There are 3 comments at the moment, we would love to hear your opinion too.

  1. FSA must understand consumer needs to regulate TCF, says Brandspeak
    It might well help everyone immeasurably if the FSA could understand the way the real world works instead of trying to impose its own cloud cuckoo land idea of Utopia. Oh yes ~ and stop ripping us all off in the process. And get its own house in order. And…….

  2. TCF conflicts
    I have to agree with the logic of the comments here. For some time now I have raised the issue with the compliance dept that the needs of the industry (and the FSA) to protect itself from accusation of poor advice as taken over from the need of the client to understand. The typical retirement report or pension transfer report is a good example. I seriously doubt that any clients would read and digest the report from end to end especially the technical points. Then there is the needs to repeat most things two or three times whether it is the report, the quotation and the brochures, etc. TCF does not fit with a tyipcail retirement or pension transfer report well and needs to be more streamlined and focused for the client. There are numerous other examples of the bureacracy conflicting with the clients protection.

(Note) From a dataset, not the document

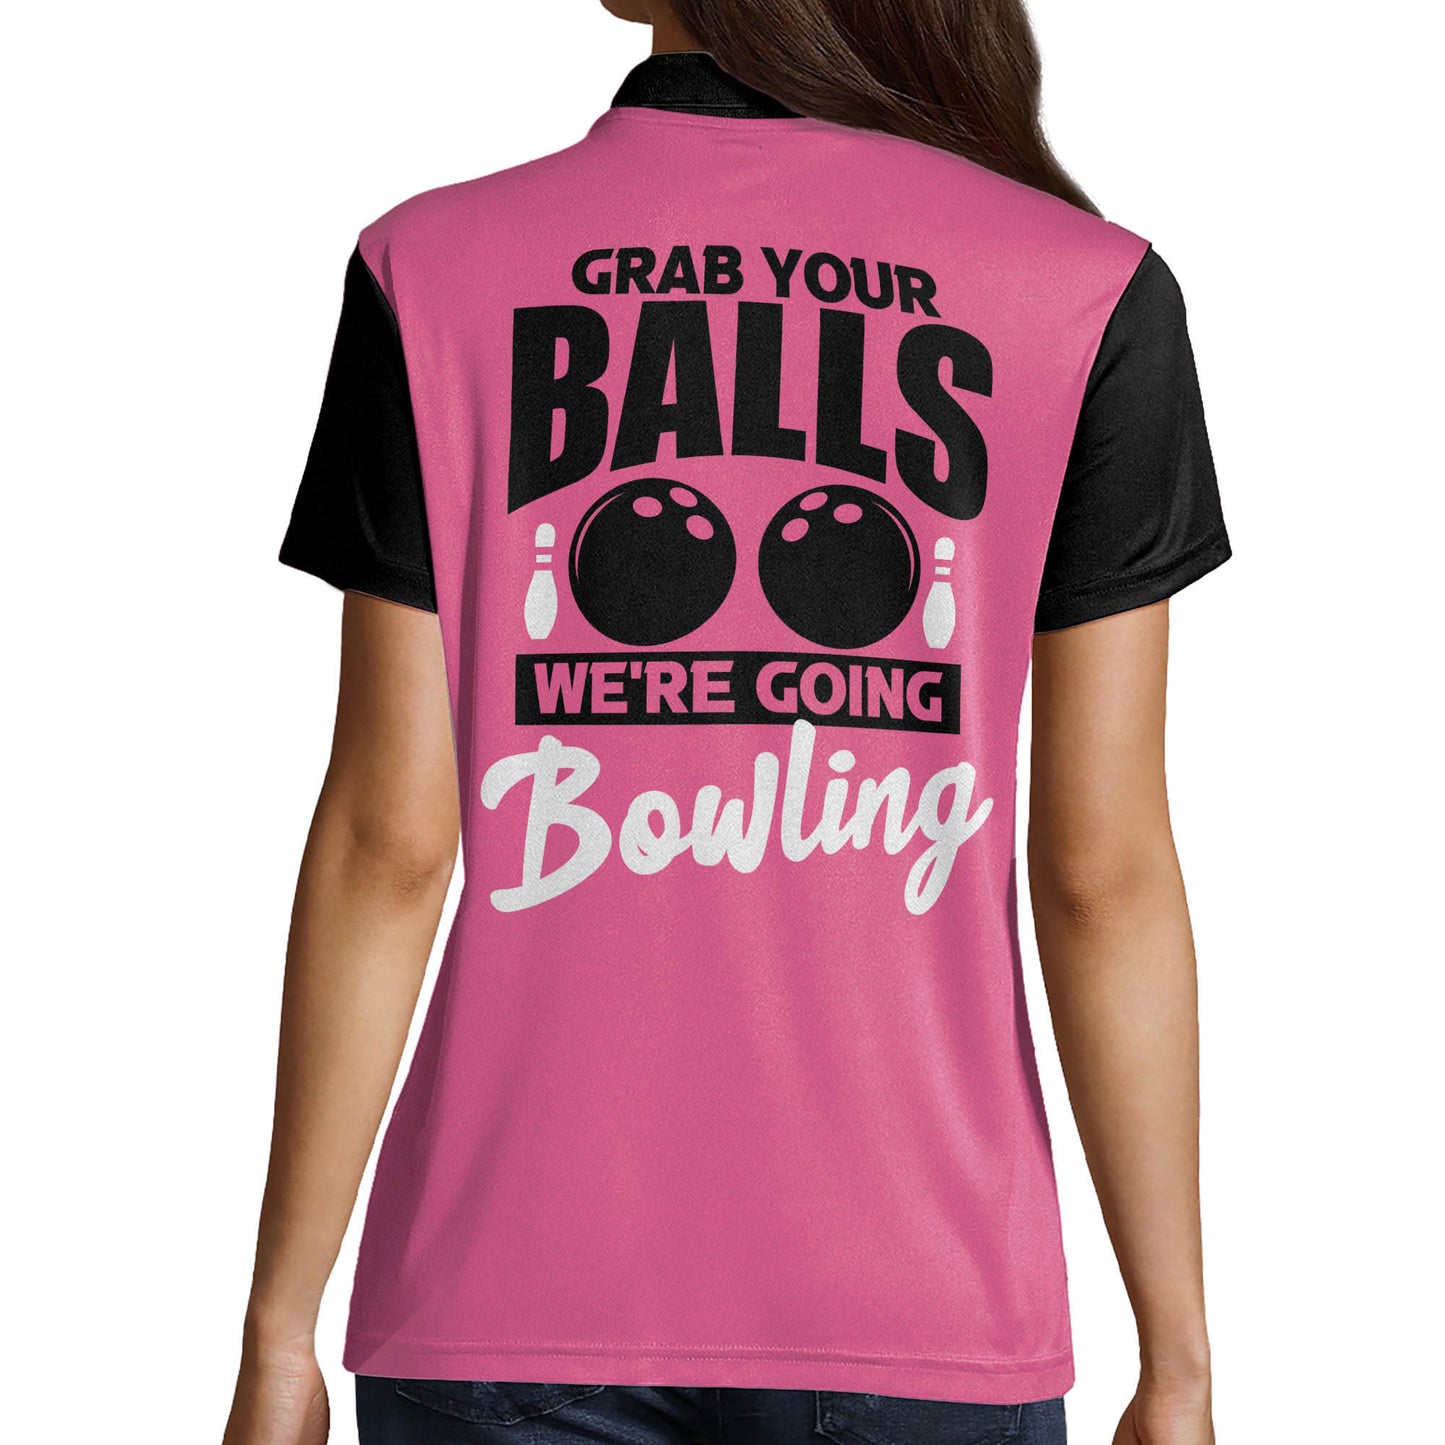 Custom Bowling Shirts For Women - Custom Pink Bowling Shirts Funny - Women's Crazy Bowling Polo Shirts With Name - Grab Your Balls We're Going Bowling BW0042

  3. The Police were forced to bring in PACE and recording
    As the paper records were proven NOT to always match what had taken place in the interview room with those entrusted with applying the law. Why should this be any different with the F-pack and with advisers or are they saying that the Police (who I think do a very good job) have more bad apples than the FS industry?
    Our solution as a firm was to reduce the amount of undread paperwork issued to a client as well as the number of things we expect them to sign so that they and we can focus on what the client is TOLD, what their responses ARE, the INTENT of teh adviser and the INTENT of the client. The REASON WHY any action has been taken (Or NOT) is then clearly demonstrated on the sound recordings of the discussion with the client and it also demonstrates, that with the time contraints often imposed by a client, decisions have to be made and action taken, perhaps without every I being dotted and t crossed. If a client then wants to complain, then at least we will be able to demonstarte clear intent. We need this industry to get back to some kind of sanity and to be treated just as any other provider of services would be i.e. have the protection of the law. If every other profssional has access to the 15 year long stop defence and we are denied it, then we are outlaws. Laws are there for our protection and if we are given the defence of Law, then we should work within them. If we are denied them when we call upon the law for defence, then we ARE OUTLAWS and have no moral responsibility to remain within them and the F-pack need to think VERY carefully on this.